Concert

Programme Guide

At noon on 9 November 1918, the Social Democrat Philipp Scheidemann proclaimed the German Republic from the balcony of the Reichstag. The second declaration, by Karl Liebknecht, followed two hours later – opposite the main entrance of the Berlin Palace where a lively crowd had gathered. “Liebknecht announced,” wrote the Vossische Zeitung on 10 November1918, “that the Workers’ and Soldiers’ Council had taken over the Palace.” From then on, the approximately 1,200 rooms of the Hohenzollern residence which had become the “Palace of the Republic” served as offices for state representation and administration, and as early as 1920, the decision was made to house the Kunstgewerbemuseum, the decorative arts museum, there. However, the Palace was also an office block, and it increasingly became a centre for scholarship: it soon housed the German Research Foundation, the Kaiser Wilhelm Society for the Advancement of Science, the German Academic Exchange Service which was founded in response to the First World War, plus the Alexander von Humboldt Foundation (from 1925). The psychology institute of the university which was suffering from lack of space also found a new home here, as did the sound archive founded as the Berliner Phonogramm-Archiv, set up on the initiative of music psychologist Carl Stumpf: today’s idea of the “Humboldt Forum” as a centre of knowledge seems to have been a reality even then. In the mid-1920s, the German Art Society was among the new tenants who attempted to do something about the economic plight of visual artists – hardly anyone had the money to buy prints, pictures or sculptures.

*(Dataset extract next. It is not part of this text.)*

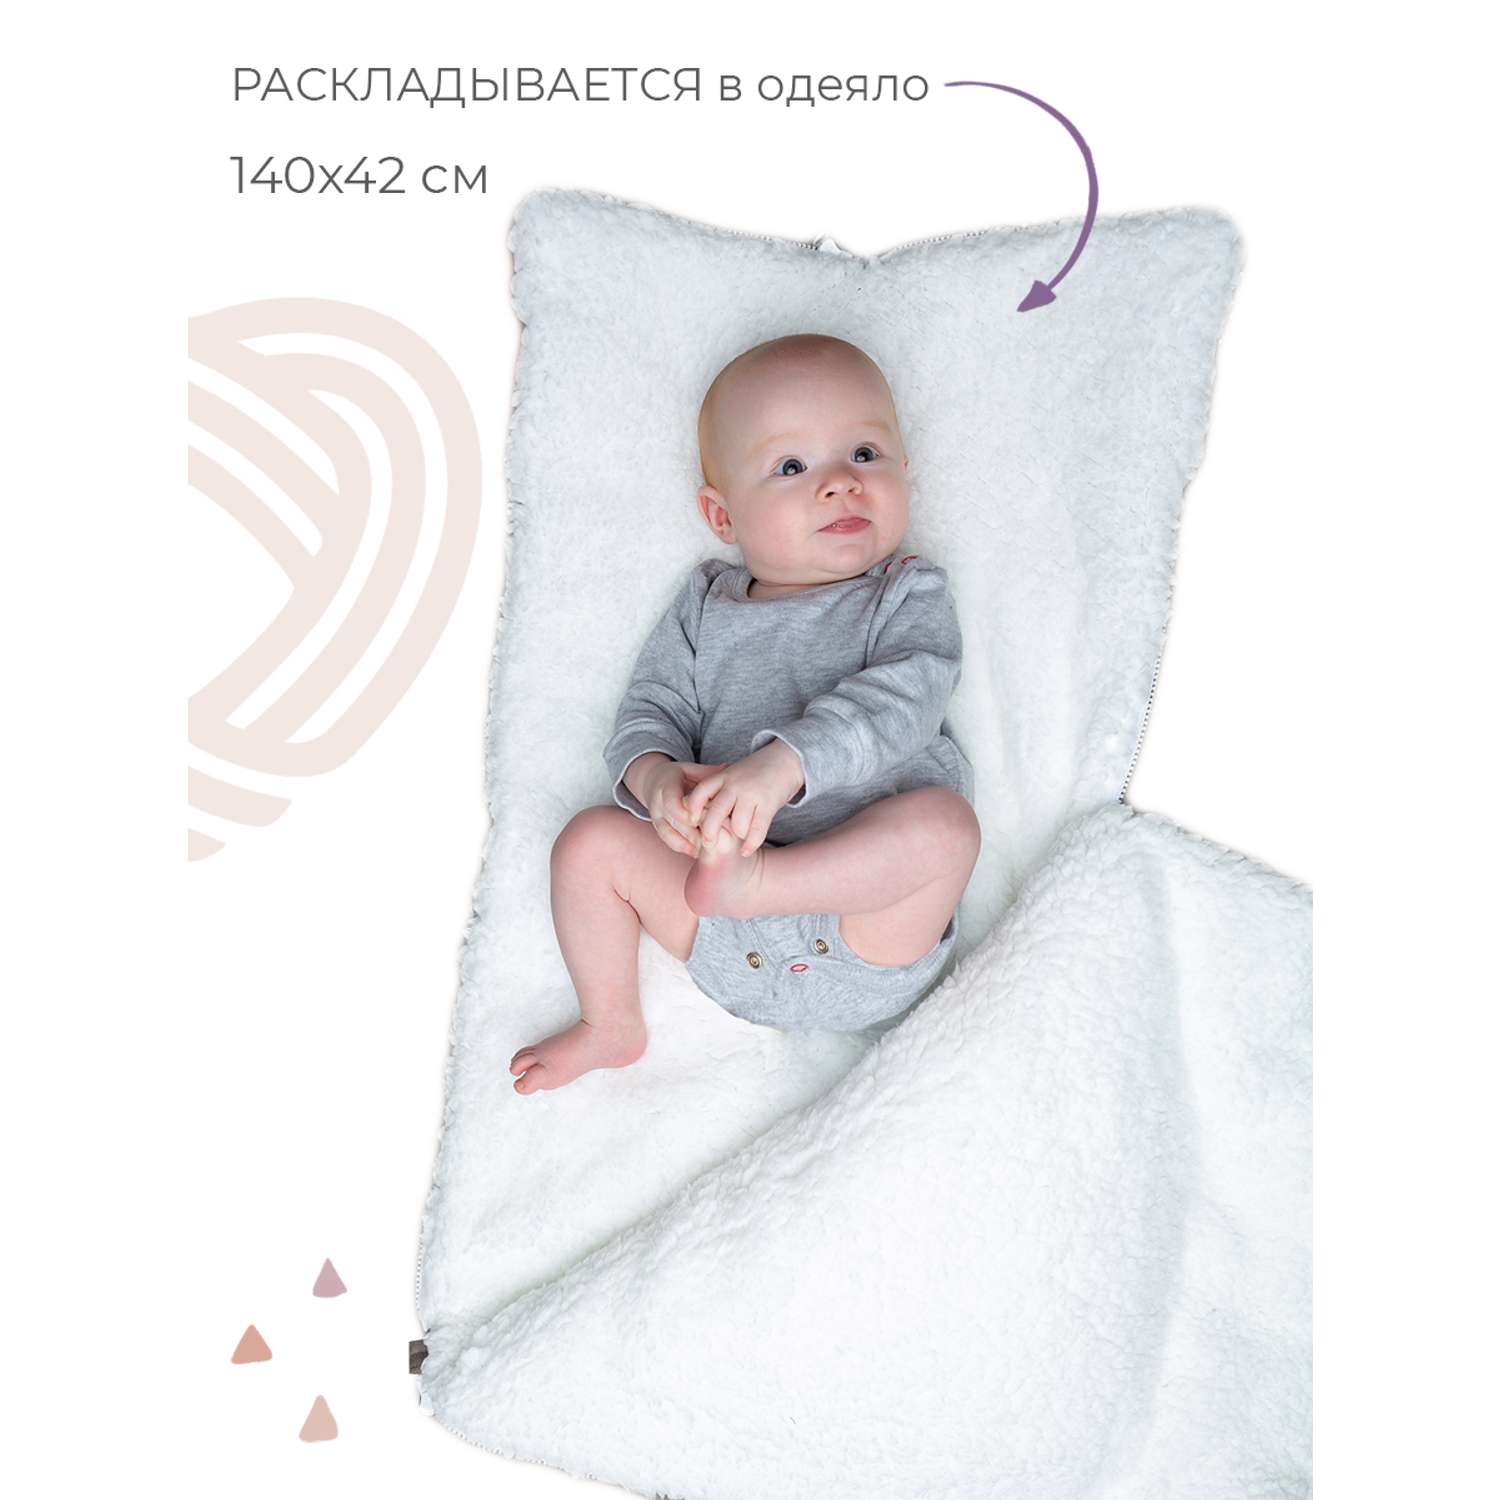 Конверт на выписку inlovery для новорожденного Нордик/серый - фото 3

Music also found its place: from May 1932, the “Schlossmusiken” were launched, which took place in the open air in the Schlüterhof: Erich Kleiber opened it together with the Kapelle der Staatsoper Unter den Linden. Shortly after, he also conducted the Berliner Philharmoniker at this historic venue for the first time. Following the orchestra’s first open-air concert at the Kulturforum on the day after the season opening in 2016, this year it will take place in the reconstructed Schlüterhof – the centre of the newly-built Humboldt Forum, which will host permanent exhibitions from 2019 onwards, including those of the Ethnological Museum and the Museum of Asian Art (Stiftung Preußischer Kulturbesitz - Staatliche Museen zu Berlin), the Berlin Exhibition (Kulturprojekte Berlin und Stadtmuseum Berlin) and the Humboldt Labor (Humboldt-Universität zu Berlin). The conductor will be Kirill Petrenko, who has programmed Beethoven’s Seventh Symphony plus Richard Strauss’s Don Juan and Tod und Verklärung.